The outcome of the Siti Fatimah case, while a well earned victory for the applicant, Tan Ean Huang, raises more questions than it answers. Notwithstanding the constitutional issues pertaining to the jurisdiction and scope of Malaysia’s syariah framework vis-à-vis the Malaysian civil courts on the issue of apostasy, the Siti Fatimah decision as reported in the local mainstream media does provide Malaysians with the necessary clarity needed on such sensitive matters.
It may be noted that constructive discourse on the matter cannot be made just yet, as the decision of the learned Syariah Judge has yet to be published. However, as a commentary of the tone of the various reports in the local mainstream media (in particular, The Star and Bernama) the following issues, amongst other things, appear to have arisen:-
(i) that the MAIPP intend to appeal on grounds that her marriage would not have been annulled by her renunciation of her faith; and
(ii) that MAIPP appear to have been negligent in its role of “guiding” her back into the religion;
The MAIPP’s statement on the annulment is unnecessarily belligerent and obnoxious. While Courts and the religious authorities take the view that a civil marriage is at end when a conversion into Islam by either spouse occurs, it would appear to be repugnant that it is not the same if a renunciation were to happen as it has in this case. Why the double standards? Clearly all Malaysian citizens are equal in the eyes of the law.
What was it that MAIPP was required to do to ensure that Tan Ean Huang did not fall by the way side? There have been concerns and misgivings that an application to renounce one’s faith in Islam within the Syariah framework in Malaysia would lead to persecution and human rights abuses arising from the manner in which religious authorities conduct and discharge its obligations when “guiding” an applicant back to the faith after such an application is made.
We have only to look to the outcome of the Revathy case and the atrocious manner in which the accused and her child were treated to know that something is not right with the present system of handling apostasy cases. The Malaysian Courts, both syariah and civil, and the relevant authorities have to bear in mind that the Syariah framework, is a creature of statute, i.e. the Federal Constitution and not a separate “constitution” of Malaysia.
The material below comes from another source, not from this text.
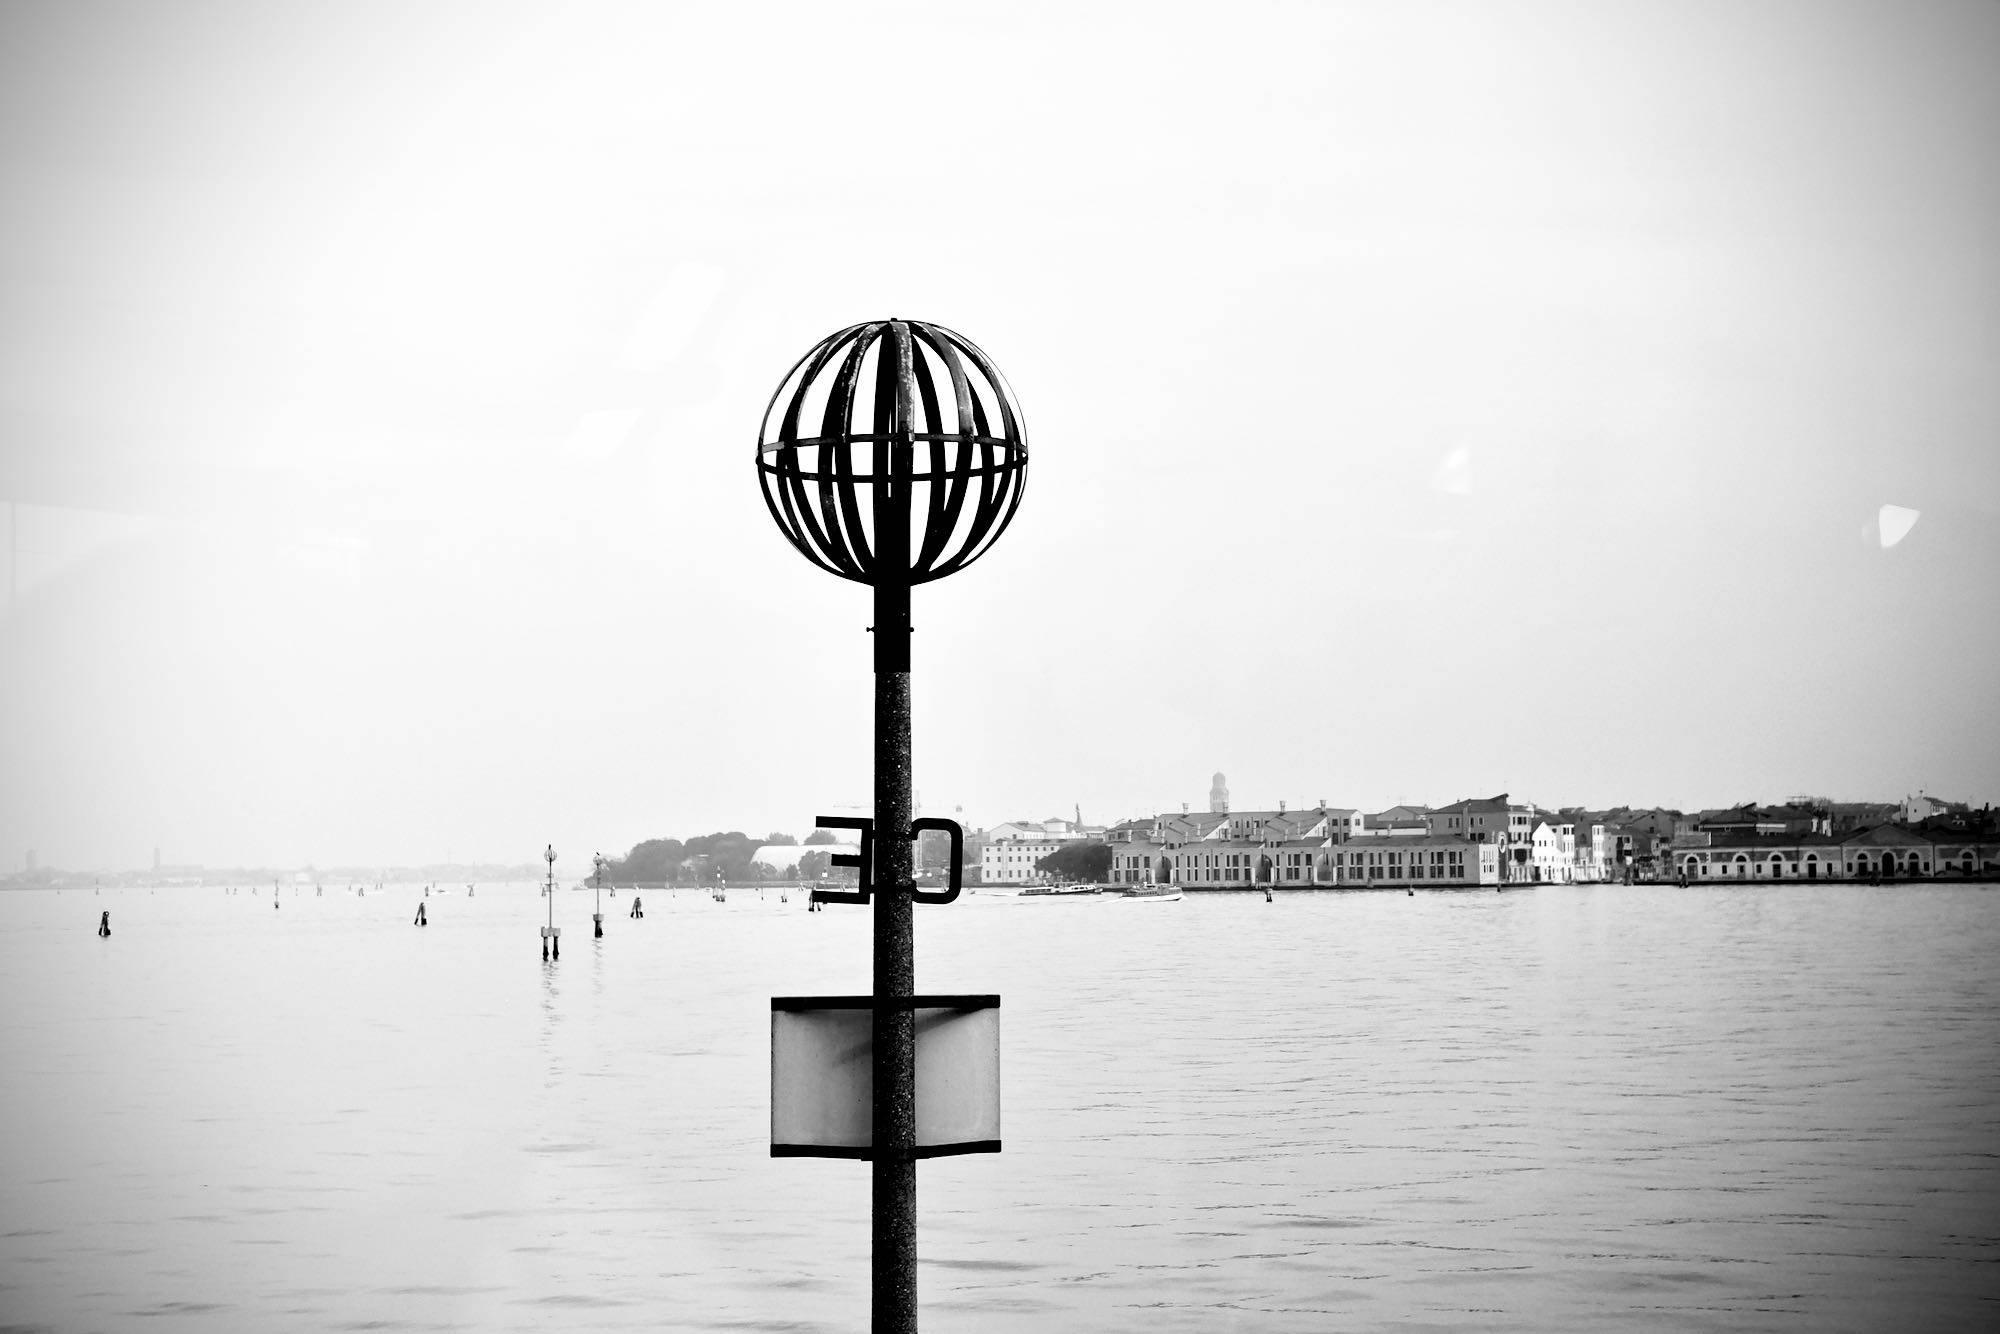 Massimiliano Scarpa_photographer_fotografo_Venezia_Pontr della Libertà_2017-335836366

While freedom of religion is a reality in Malaysia, under the Federal Constitution, it must be clearly affirmed that Malaysia is a secular state and as it so, all Malaysians must be guaranteed their freedoms to enter and leave their respective religions by their own will and conviction, despite the affront that it may cause to another’s belief. It is paternalism, a misconceived notion of public order and this ever growing need for certainty that will diminish one’s faith, to which all Malaysians of any faith will ask, “whatever happened to faith in God?”